Your assignment » Copy nothing but the lines below, from the one with "Beautiful Telugu Friendship" through the one with "Andre Maurois - The", exactly as written; no pictures should appear.

Exercise materials »
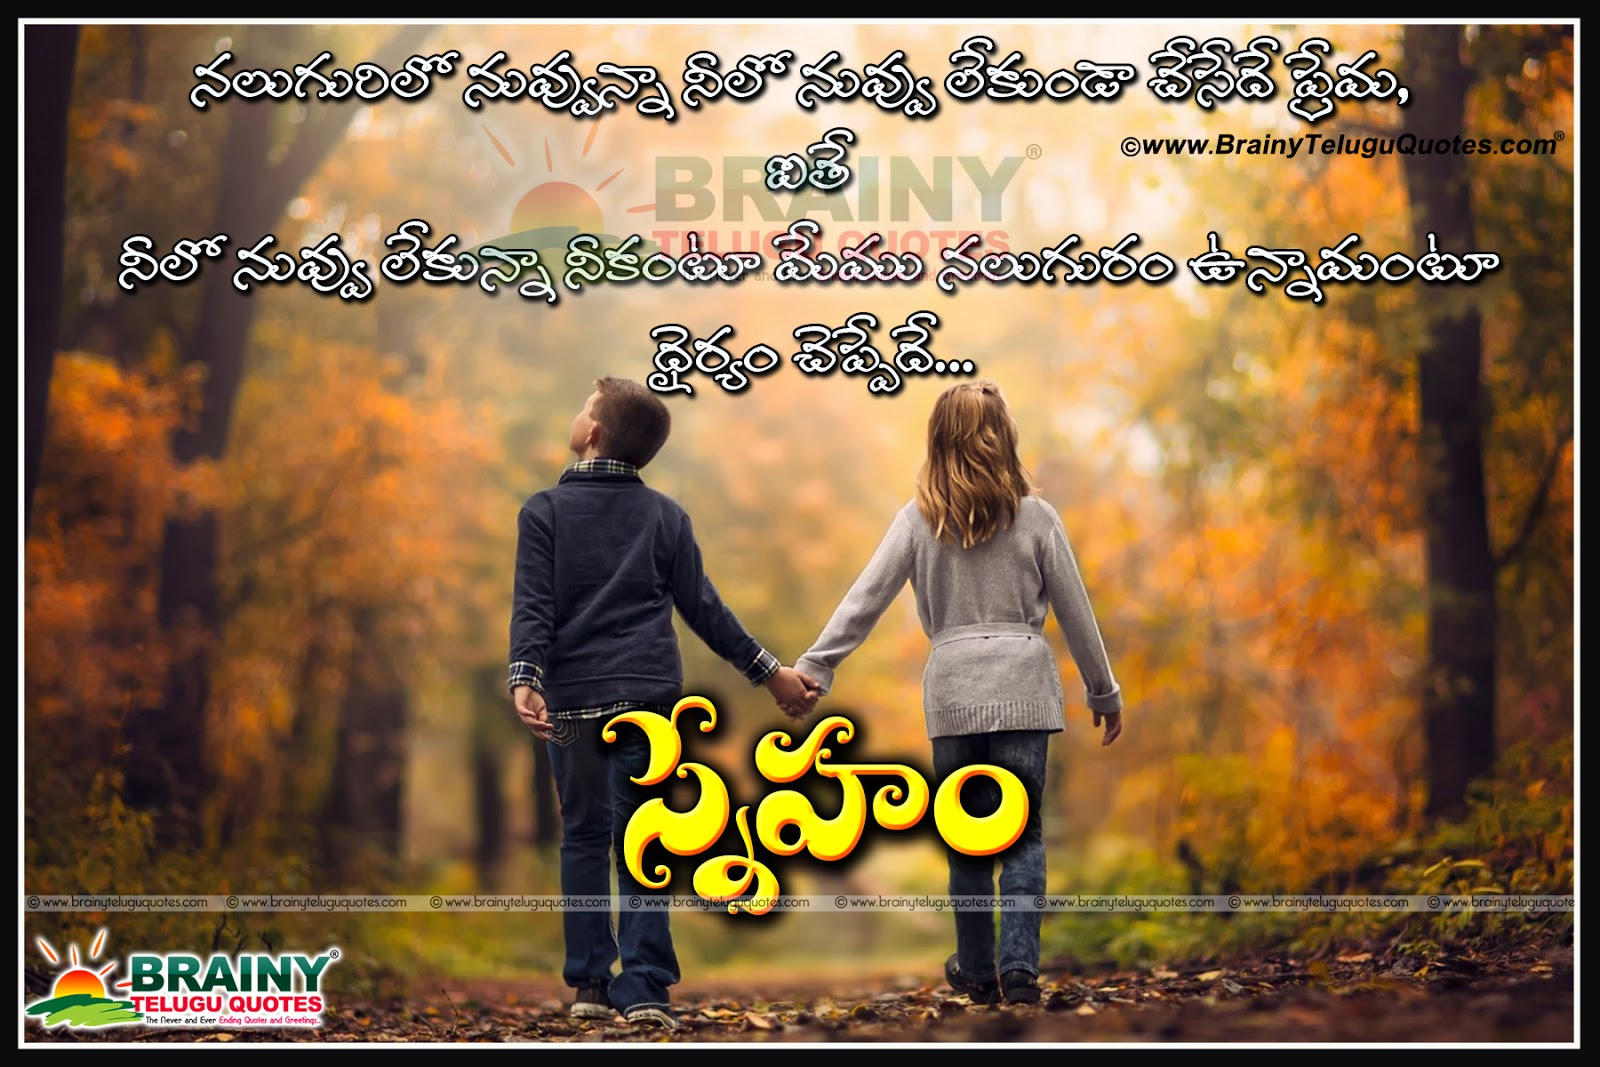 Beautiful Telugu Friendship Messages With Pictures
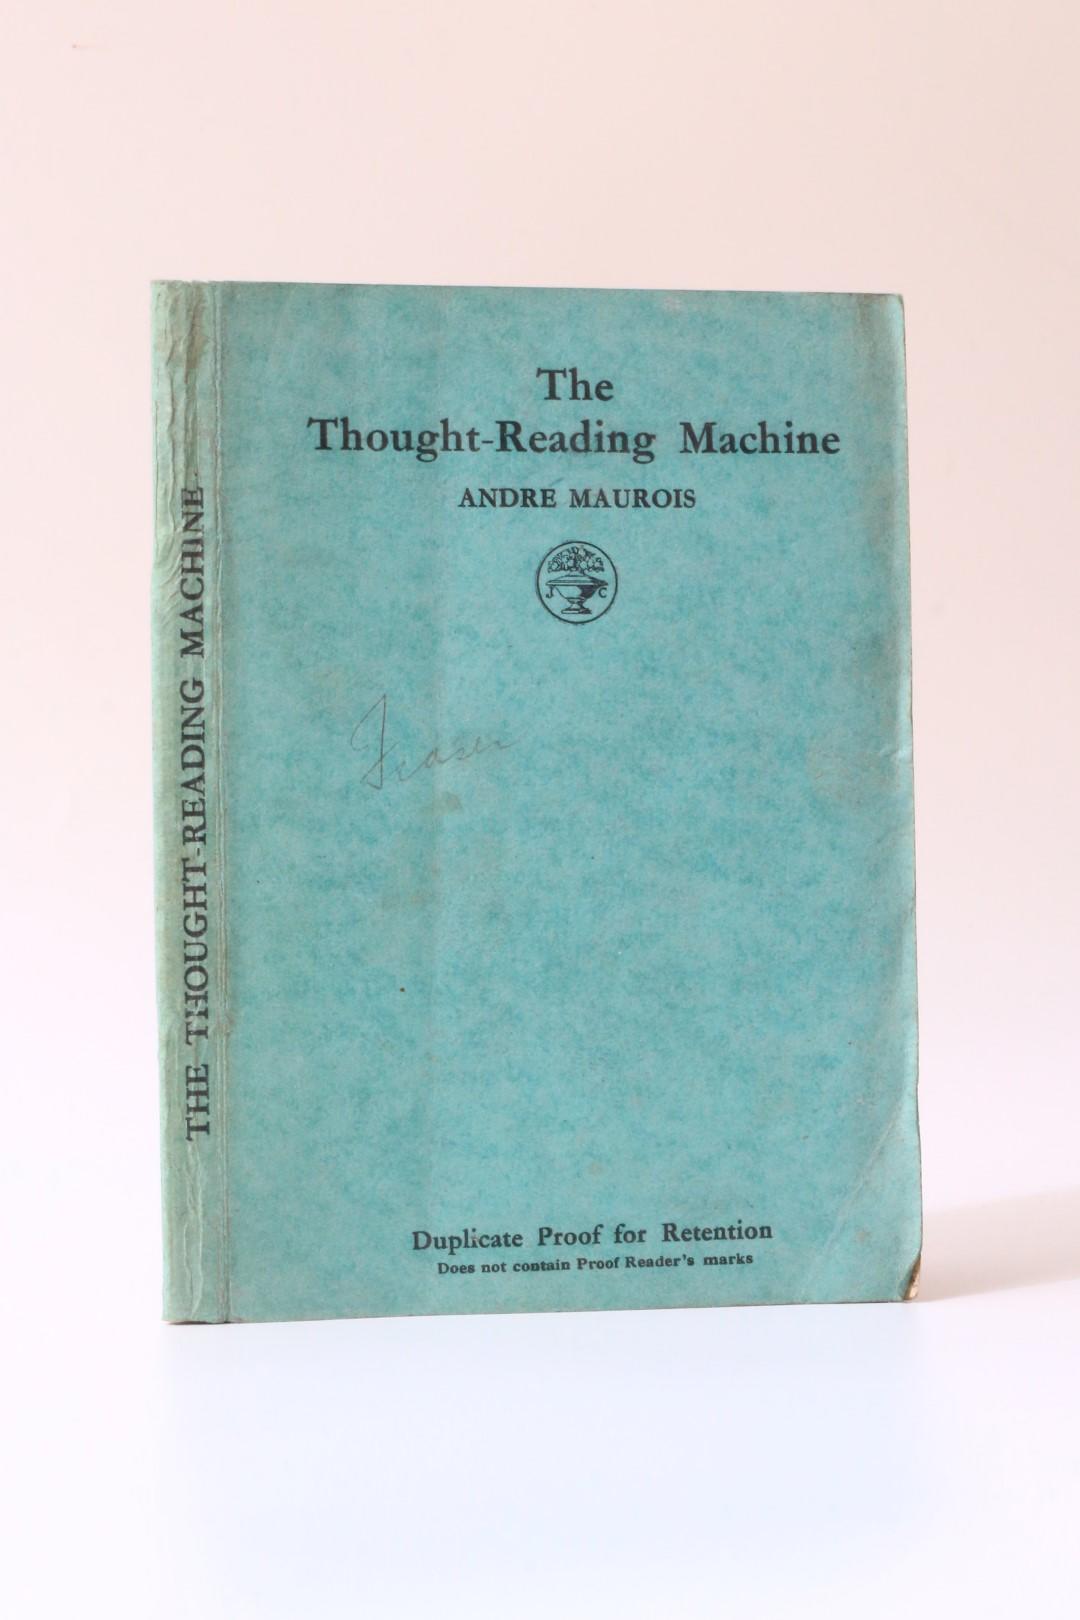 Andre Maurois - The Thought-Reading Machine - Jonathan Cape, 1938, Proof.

...

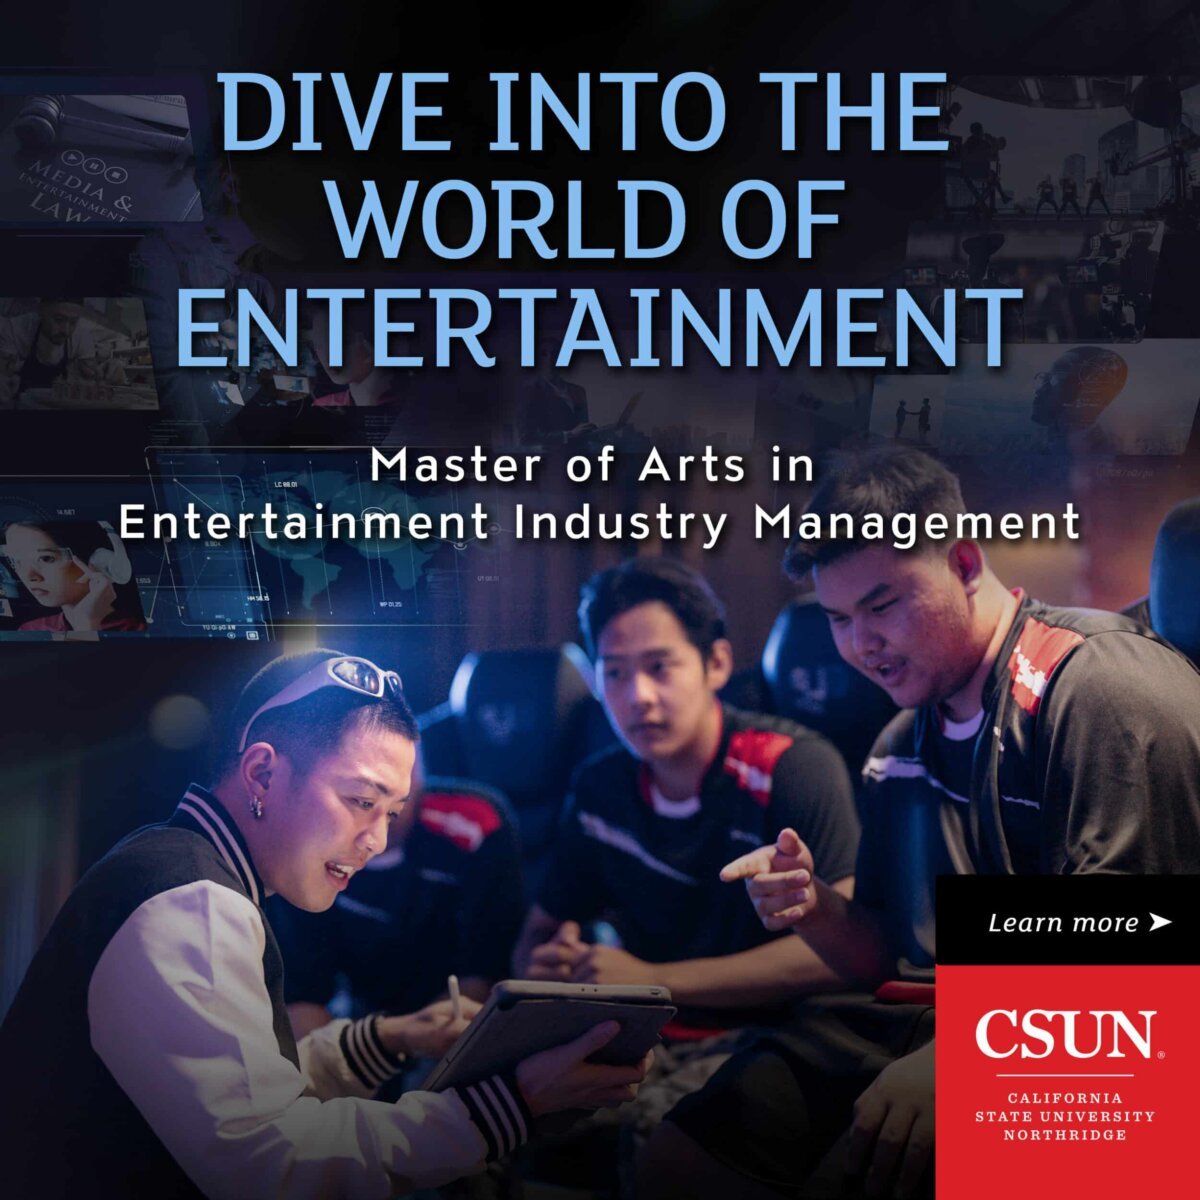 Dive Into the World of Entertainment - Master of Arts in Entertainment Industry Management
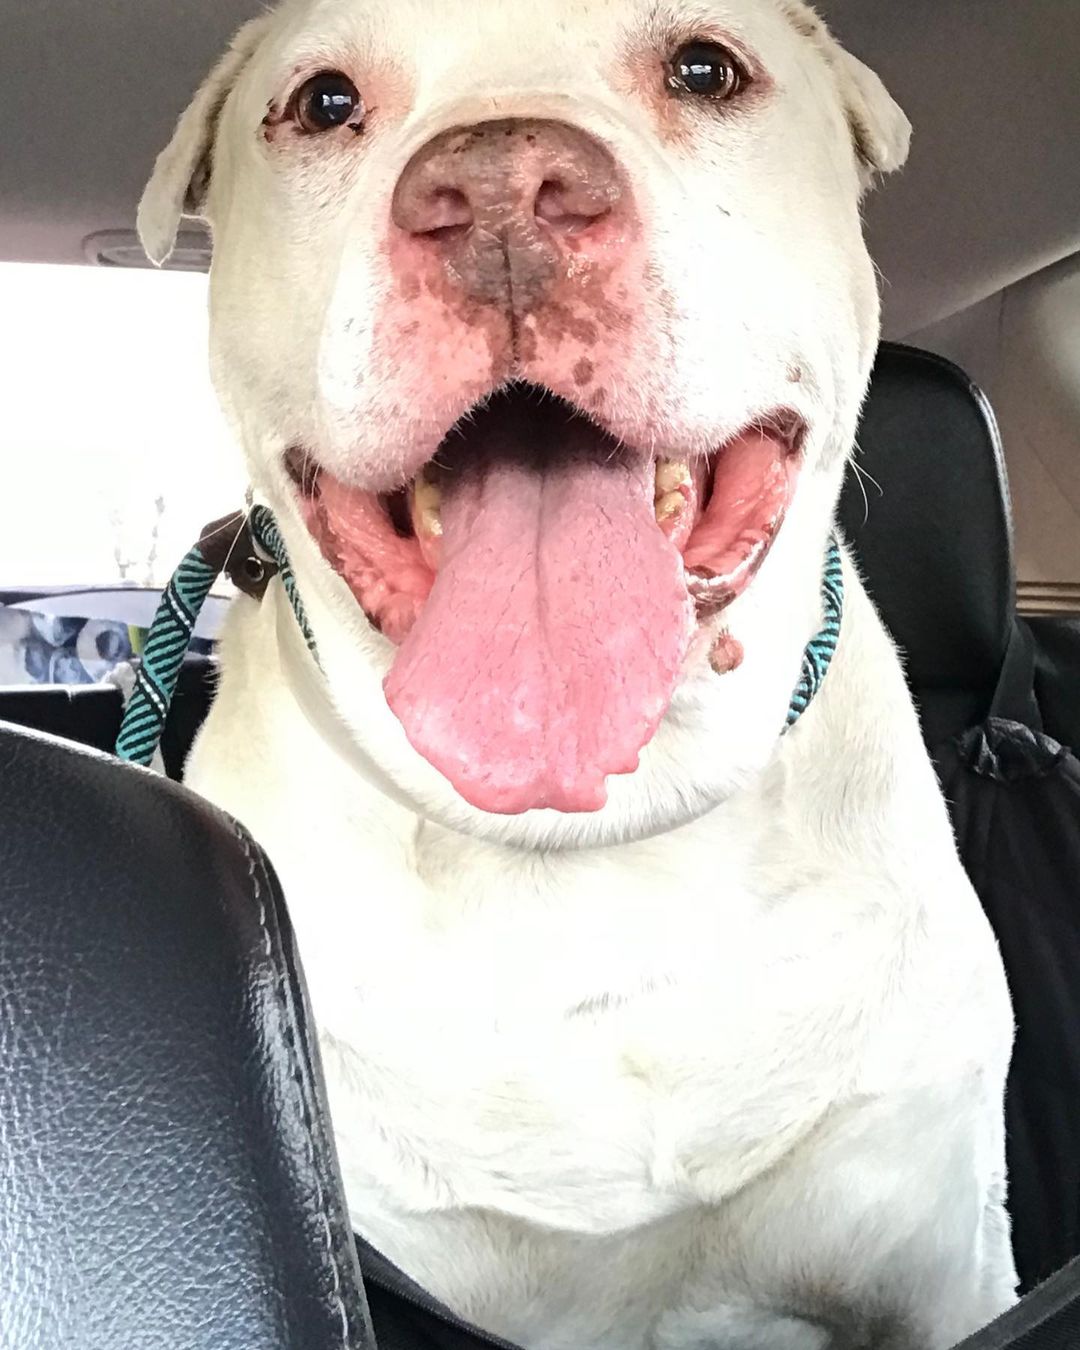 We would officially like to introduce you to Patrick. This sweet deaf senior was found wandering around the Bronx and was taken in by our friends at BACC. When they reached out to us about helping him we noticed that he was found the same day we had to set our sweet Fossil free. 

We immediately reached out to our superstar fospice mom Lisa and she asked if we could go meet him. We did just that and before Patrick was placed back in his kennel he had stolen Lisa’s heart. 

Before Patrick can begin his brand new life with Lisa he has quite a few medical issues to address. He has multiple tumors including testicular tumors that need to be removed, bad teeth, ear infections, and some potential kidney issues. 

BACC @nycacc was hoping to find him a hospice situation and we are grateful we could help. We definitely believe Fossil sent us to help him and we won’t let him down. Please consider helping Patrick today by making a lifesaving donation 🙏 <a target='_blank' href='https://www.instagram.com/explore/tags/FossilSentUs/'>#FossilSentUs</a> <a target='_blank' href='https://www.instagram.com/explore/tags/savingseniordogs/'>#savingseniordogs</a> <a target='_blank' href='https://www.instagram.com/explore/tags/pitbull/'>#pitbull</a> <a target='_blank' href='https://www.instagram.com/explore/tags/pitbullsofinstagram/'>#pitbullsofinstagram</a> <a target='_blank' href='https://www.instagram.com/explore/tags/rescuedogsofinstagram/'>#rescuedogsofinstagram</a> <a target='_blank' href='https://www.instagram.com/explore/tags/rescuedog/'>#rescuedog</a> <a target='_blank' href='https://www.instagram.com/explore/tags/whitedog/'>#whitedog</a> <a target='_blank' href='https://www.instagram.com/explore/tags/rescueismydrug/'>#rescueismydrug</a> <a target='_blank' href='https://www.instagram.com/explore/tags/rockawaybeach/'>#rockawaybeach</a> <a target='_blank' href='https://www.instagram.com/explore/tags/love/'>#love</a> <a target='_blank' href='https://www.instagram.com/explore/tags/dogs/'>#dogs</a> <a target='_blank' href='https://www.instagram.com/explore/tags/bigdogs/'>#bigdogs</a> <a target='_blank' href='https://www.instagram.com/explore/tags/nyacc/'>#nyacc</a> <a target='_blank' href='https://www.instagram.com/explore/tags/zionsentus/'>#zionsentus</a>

Response »
 Beautiful Telugu Friendship Messages With Pictures
 Andre Maurois - The Thought-Reading Machine - Jonathan Cape, 1938, Proof.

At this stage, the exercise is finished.